- [WORK INSTRUCTIONS] Return the data exactly, apart from leaving out the pictures.

- [Dataset items]
=== Section Start ===
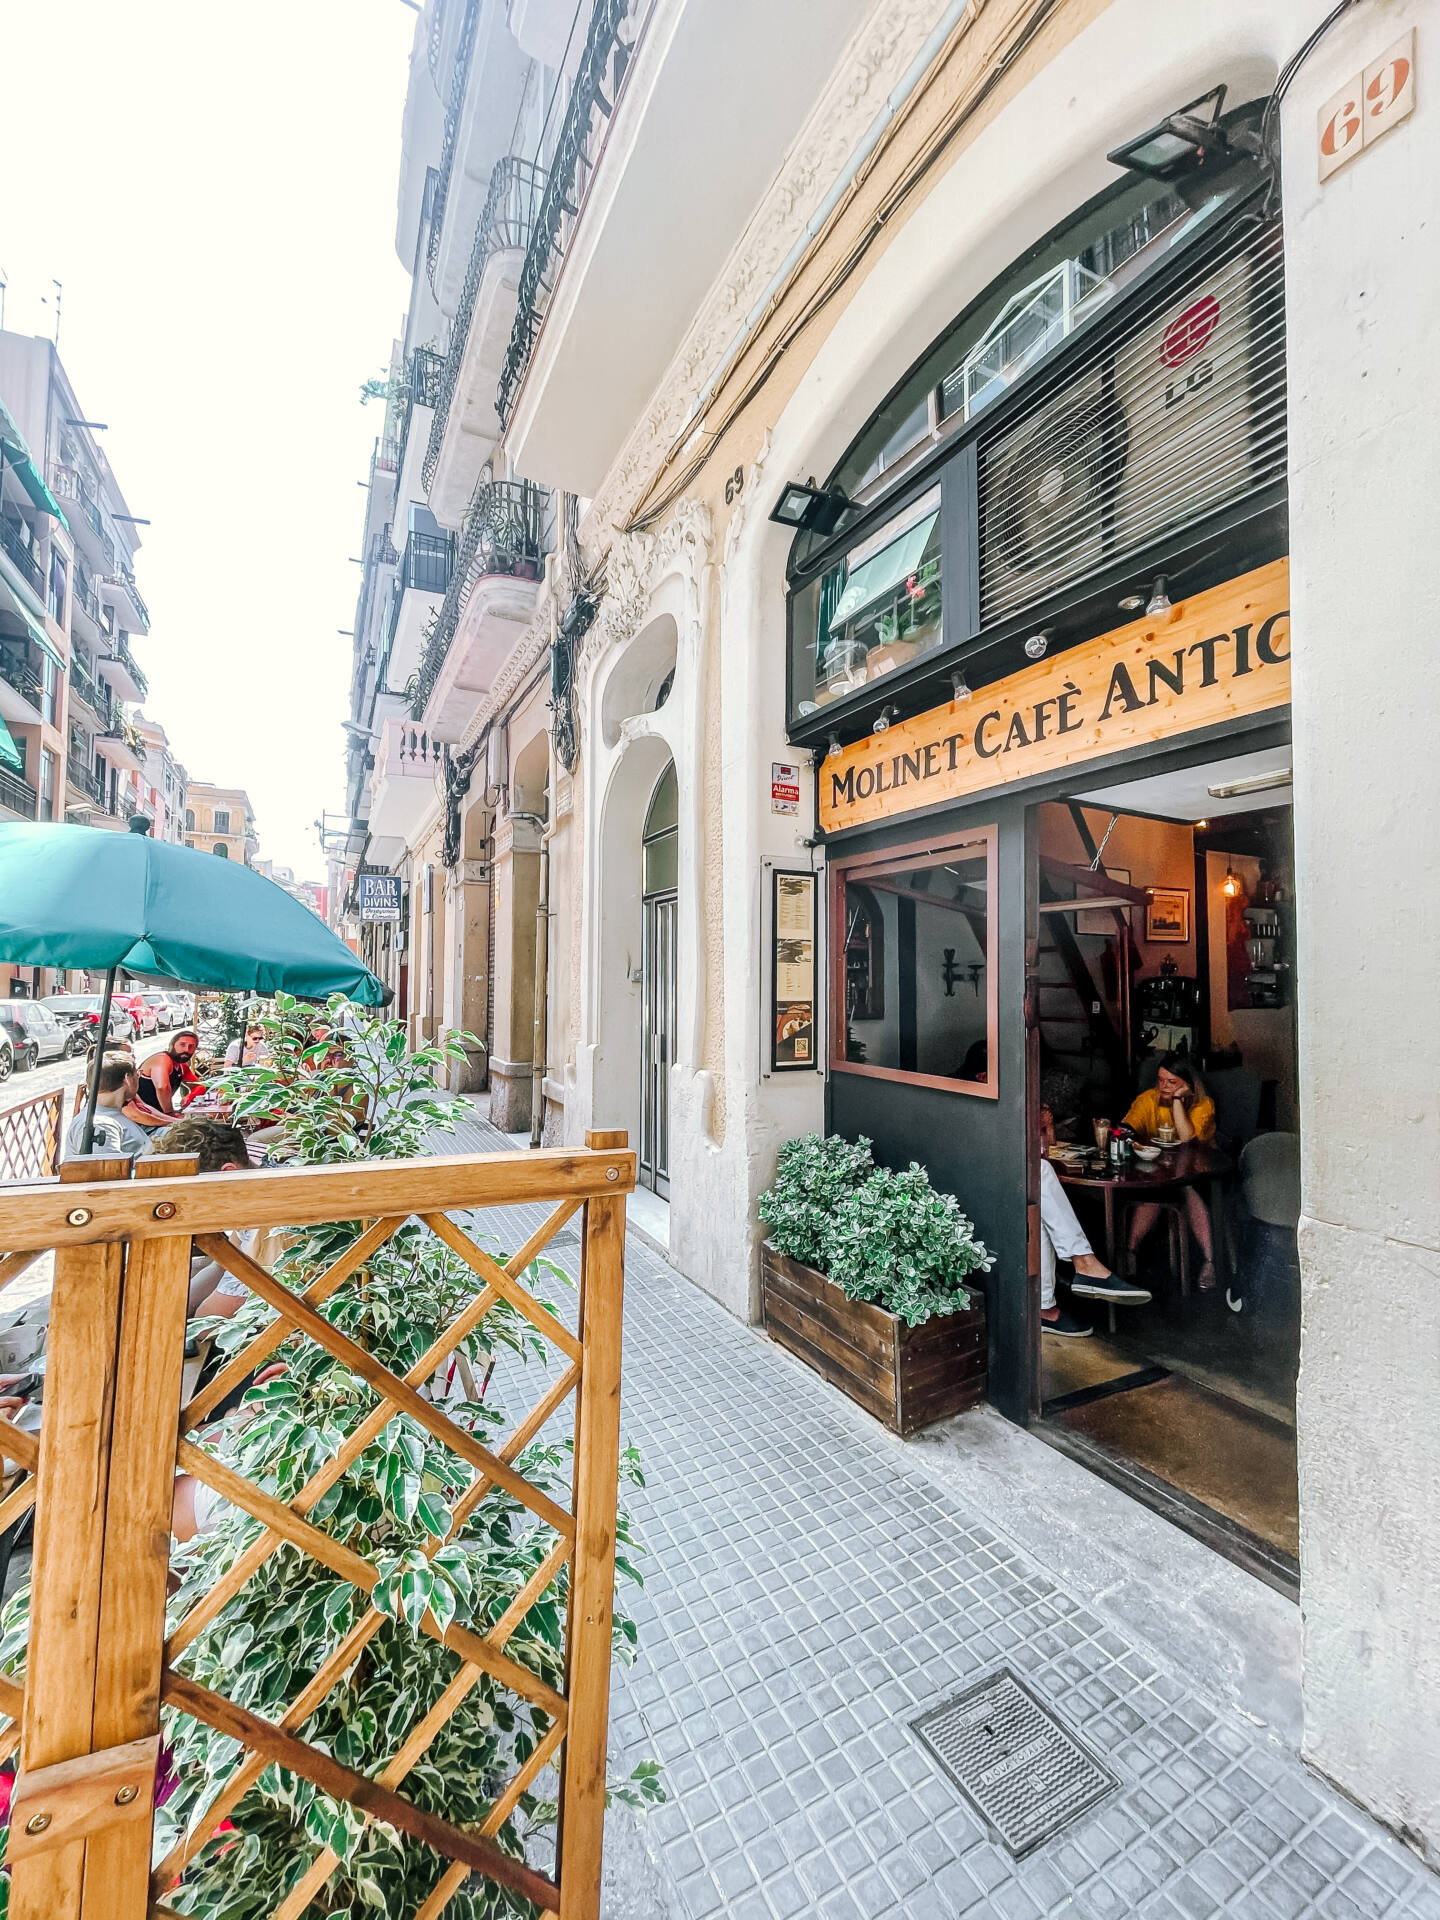 Molinet Cafe Antic Barcelona
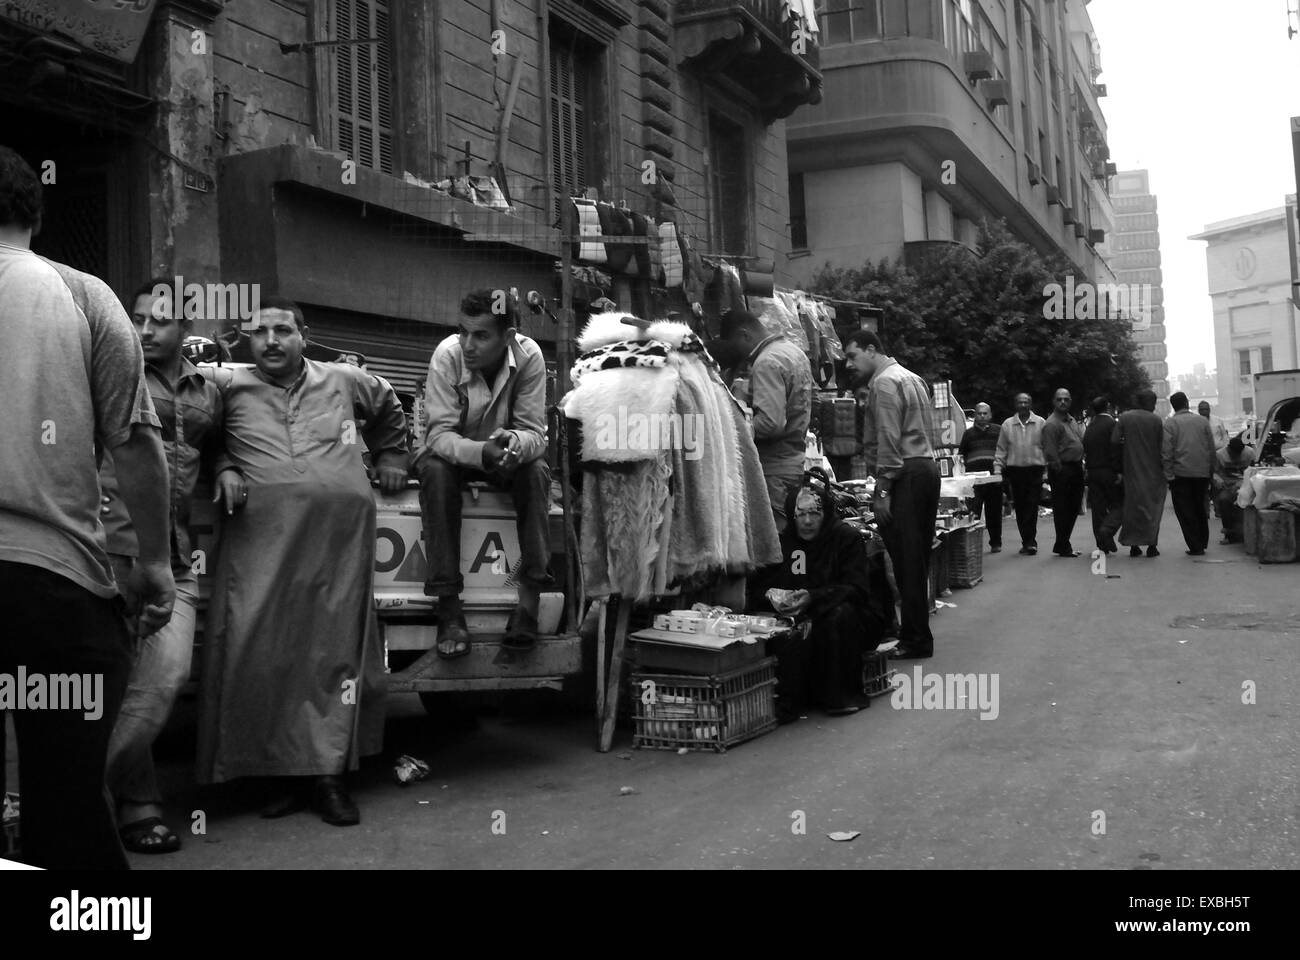 Cairo street scene Stock Photo
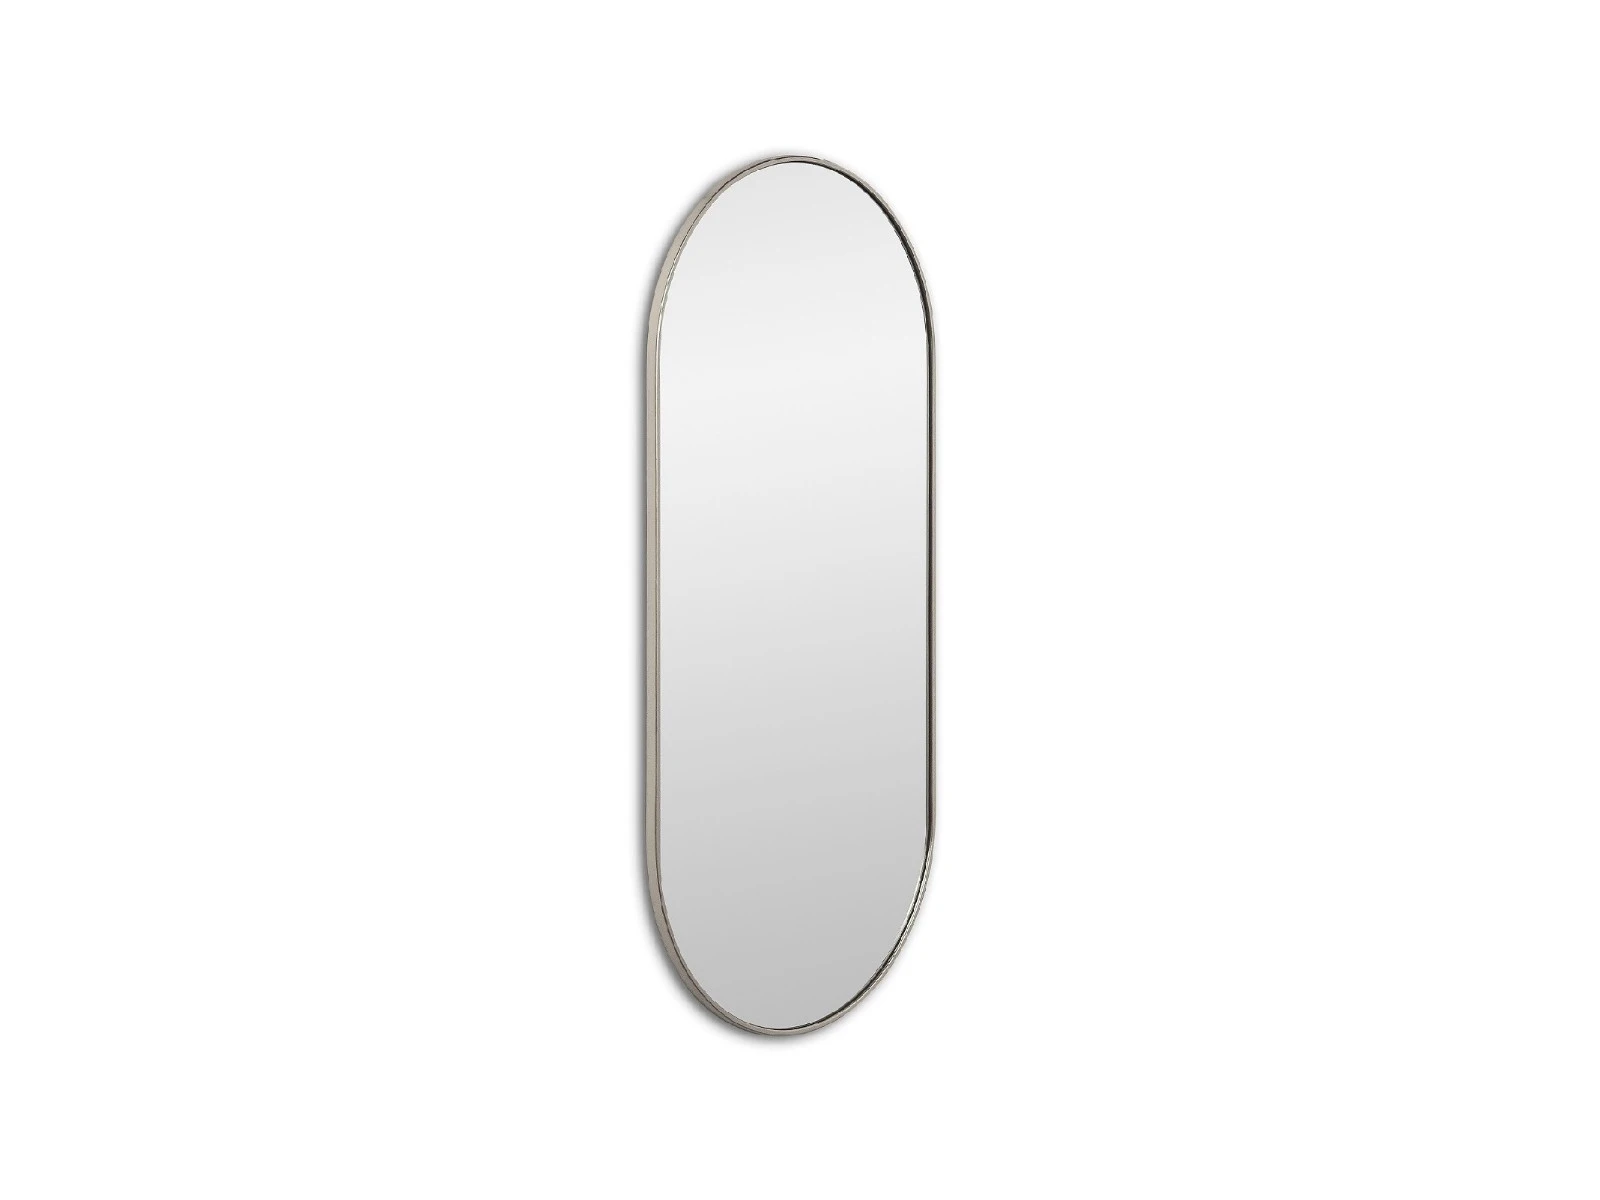 Овальное зеркало Kapsel S Silver 877434  - фото 2
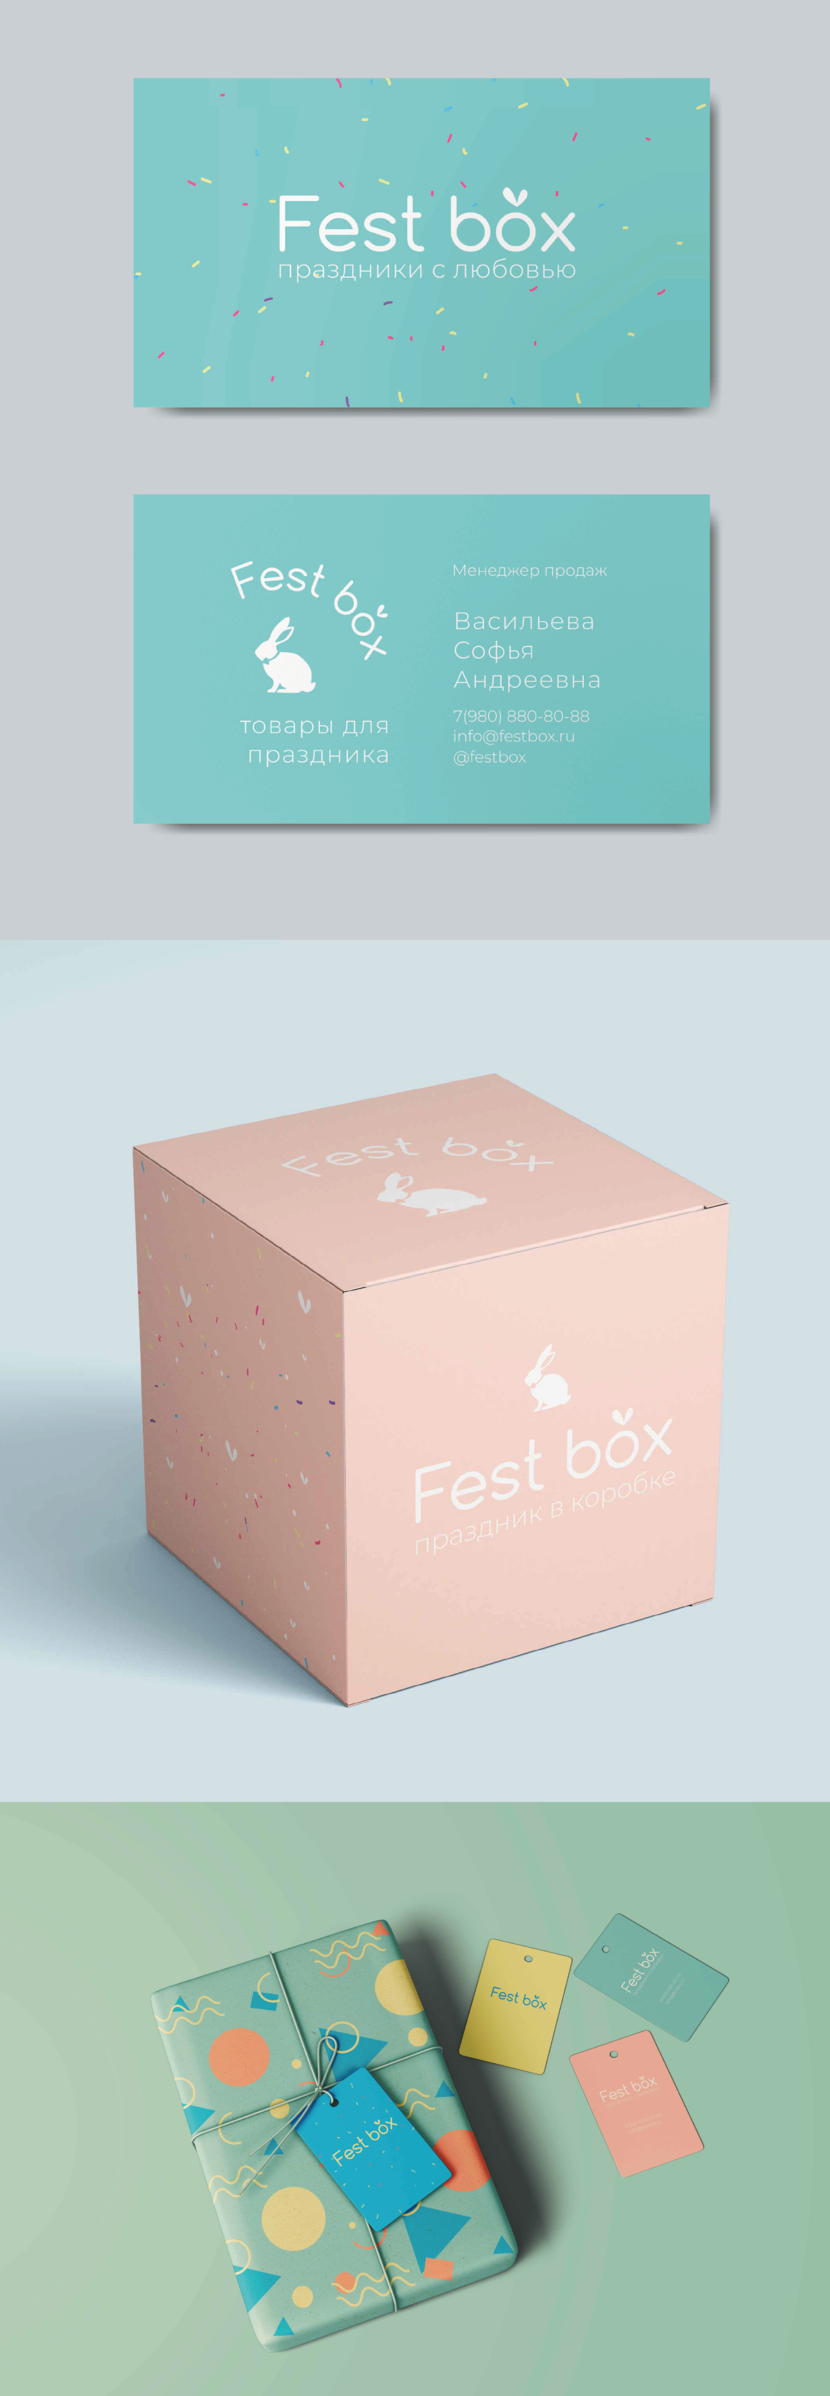 Визуализация на носителях. - Логотип и фирменный знак компании FestBox
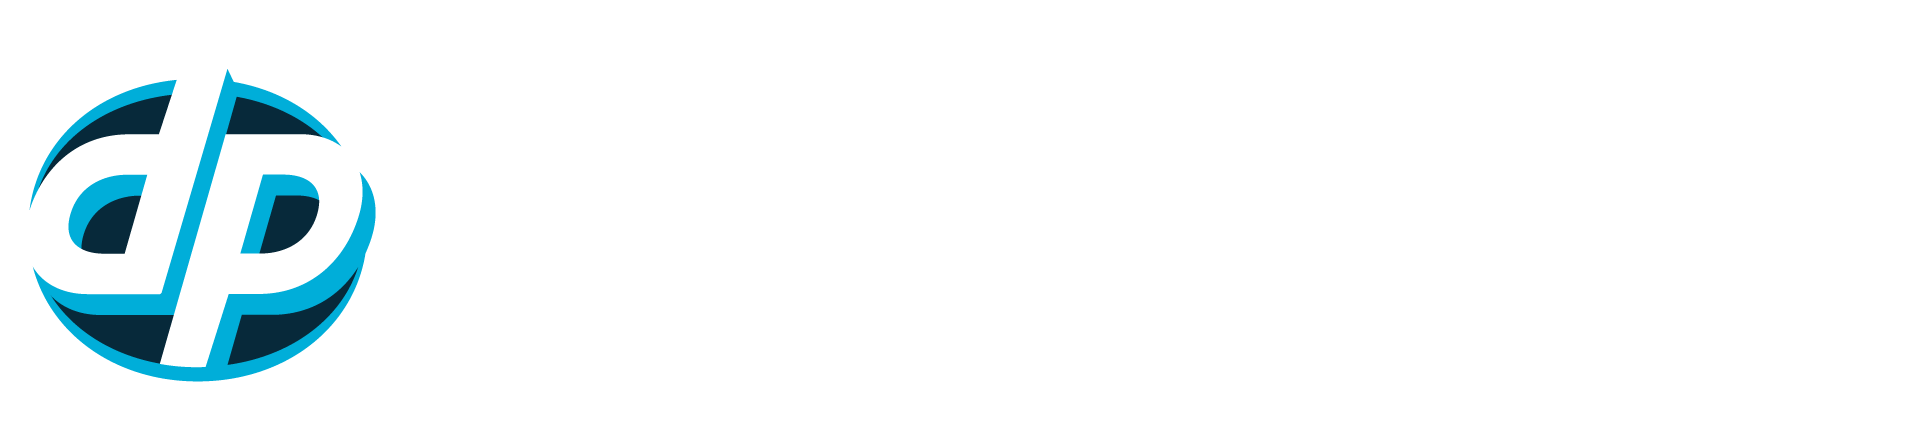 Dott Products Logo
=== Section End ===
- [WRITTEN SOLUTION]
 Molinet Cafe Antic Barcelona
 Cairo street scene Stock Photo
 Овальное зеркало Kapsel S Silver 877434  - фото 2
 Визуализация на носителях. - Логотип и фирменный знак компании FestBox
 Dott Products Logo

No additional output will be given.